It's two fold. Amazon bandwidth is, I assume, premium tier 1. Where as ovh and scaleway are probably lower tier. Lower tier bandwidth is dirt cheap, like below $0.25 per mbps.
Edit: 3 things, it's also shared among a lot of users that don't use what they can. For everyone using 100mbps there's probably 20 who use less then 1mbps.
OVH has a pretty solid network and are very transparent about peering and utilization.[1] The network is definitely much smaller than Amazon, but never had any problems with their peering, the network seems to have ample capacity (whereas Hetzner had less reliable peering).

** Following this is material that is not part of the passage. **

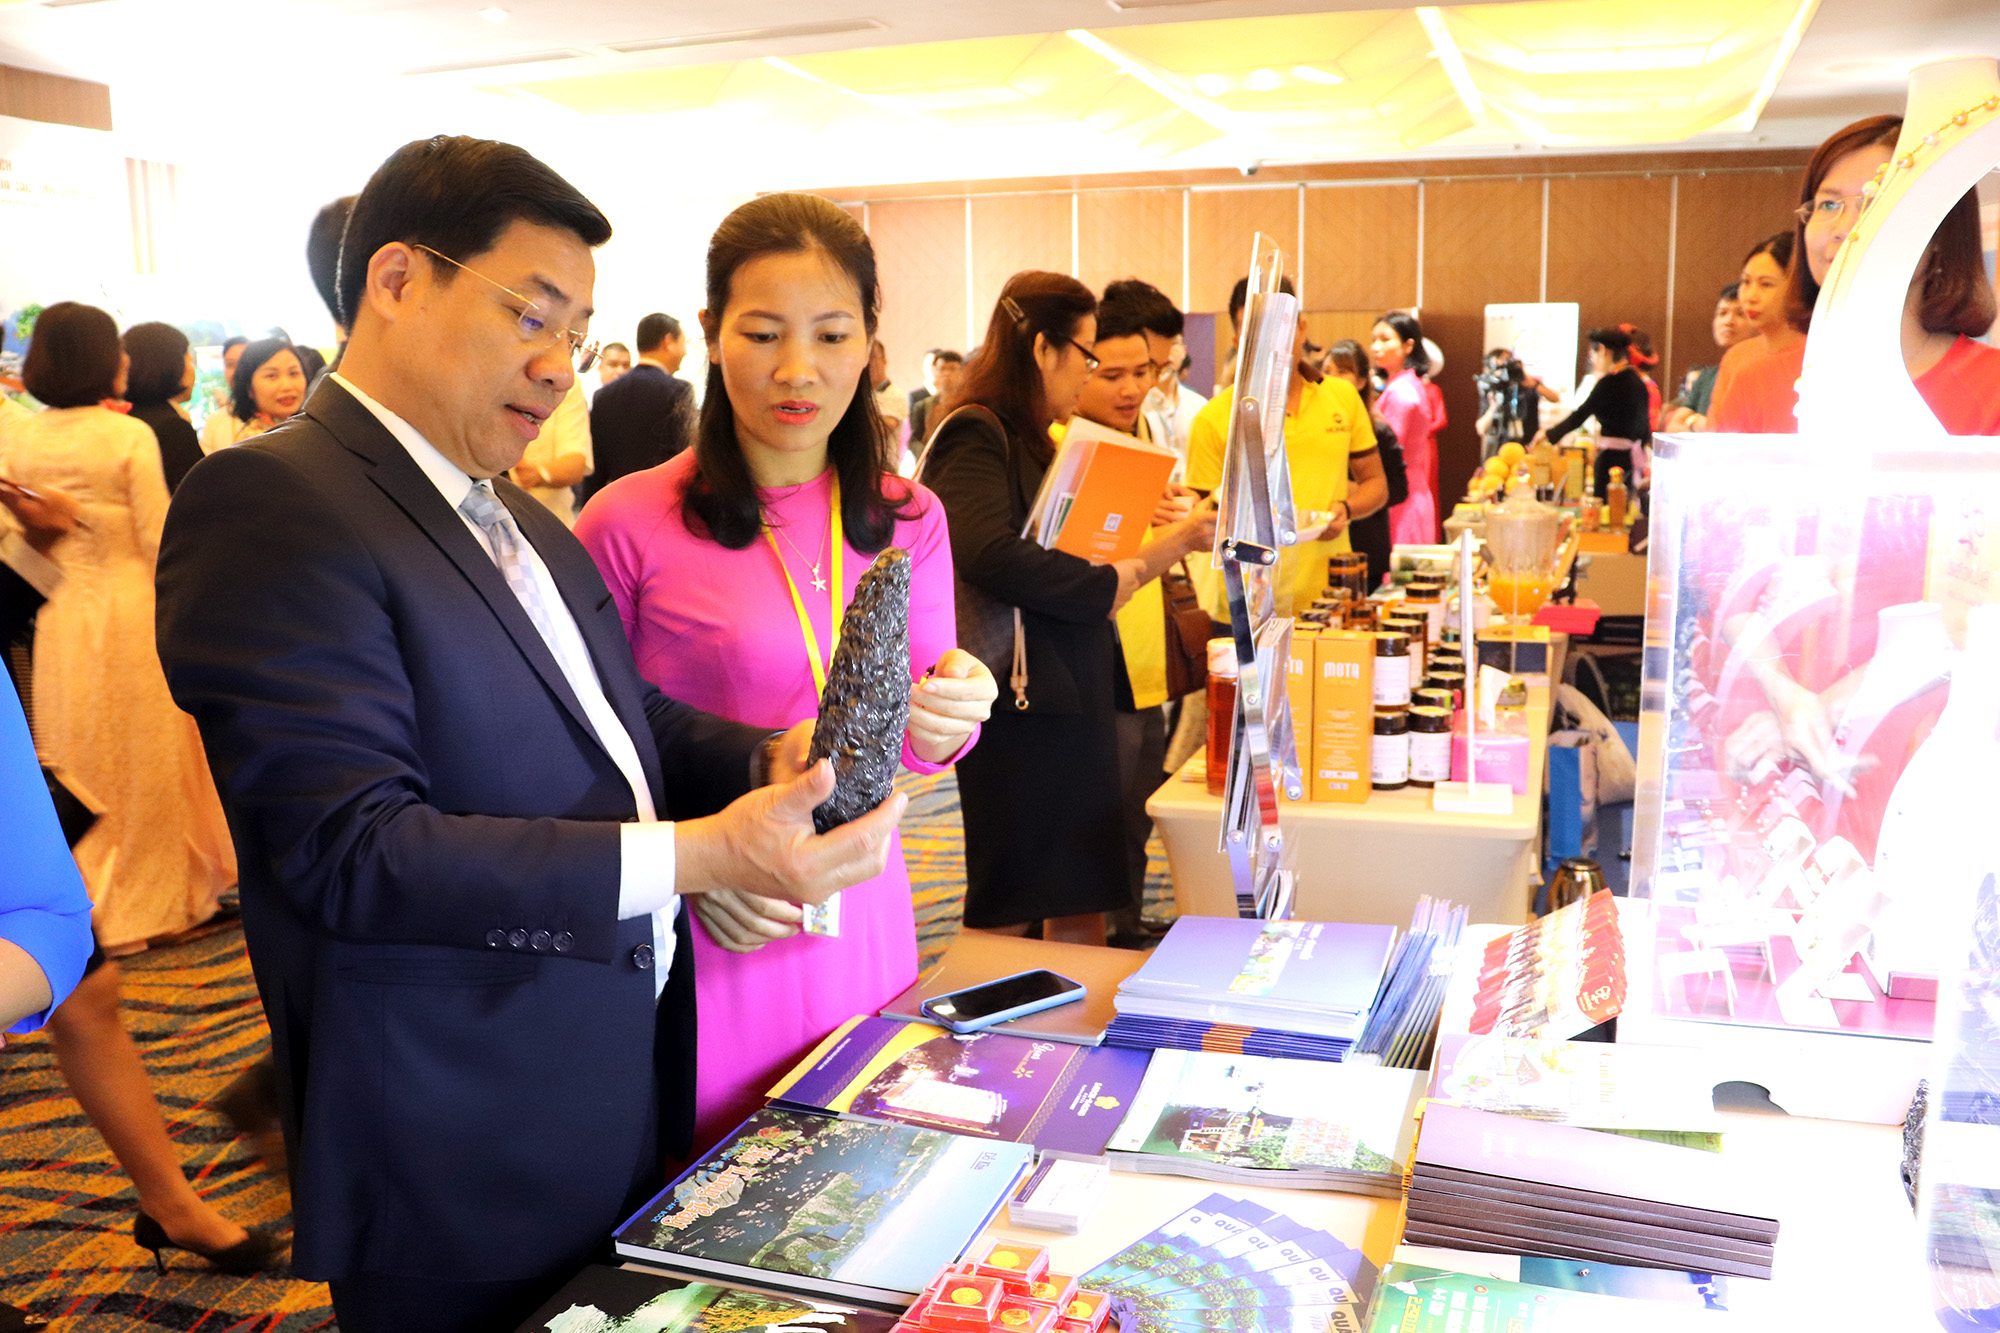 Sản phẩm mỹ nghệ than đá được trưng bày tại hội nghị liên kết phát triển du lịch TP Hồ Chí Minh và 8 tỉnh Đông Bắc, tổ chức tại TP Hạ Long tháng 11/2020.

I have several servers in the OVH network in Europe and I get consistently high speeds for Europe&US, independent of the time I test (don't have much traffic from Asia so can't really test that).
They will offer you better peering if you pay extra, but even then you're paying much less than at AWS for high traffic.
I suspect that AWS makes most profit with bandwidth while other services run with a very low margin.
Right. We have a 3EUR a month VPS serving as a backup server, it is a MySQL slave, doing a snapshot regularly and sending the snapshot off to a storage VPS. It certainly doesn't use 1mbps except when it rsyncs to the storage.
Edit: 3 things, it's also shared among a lot of users that don't use what they can. For everyone using 100mbps there's probably 20 who use less then 1mbps.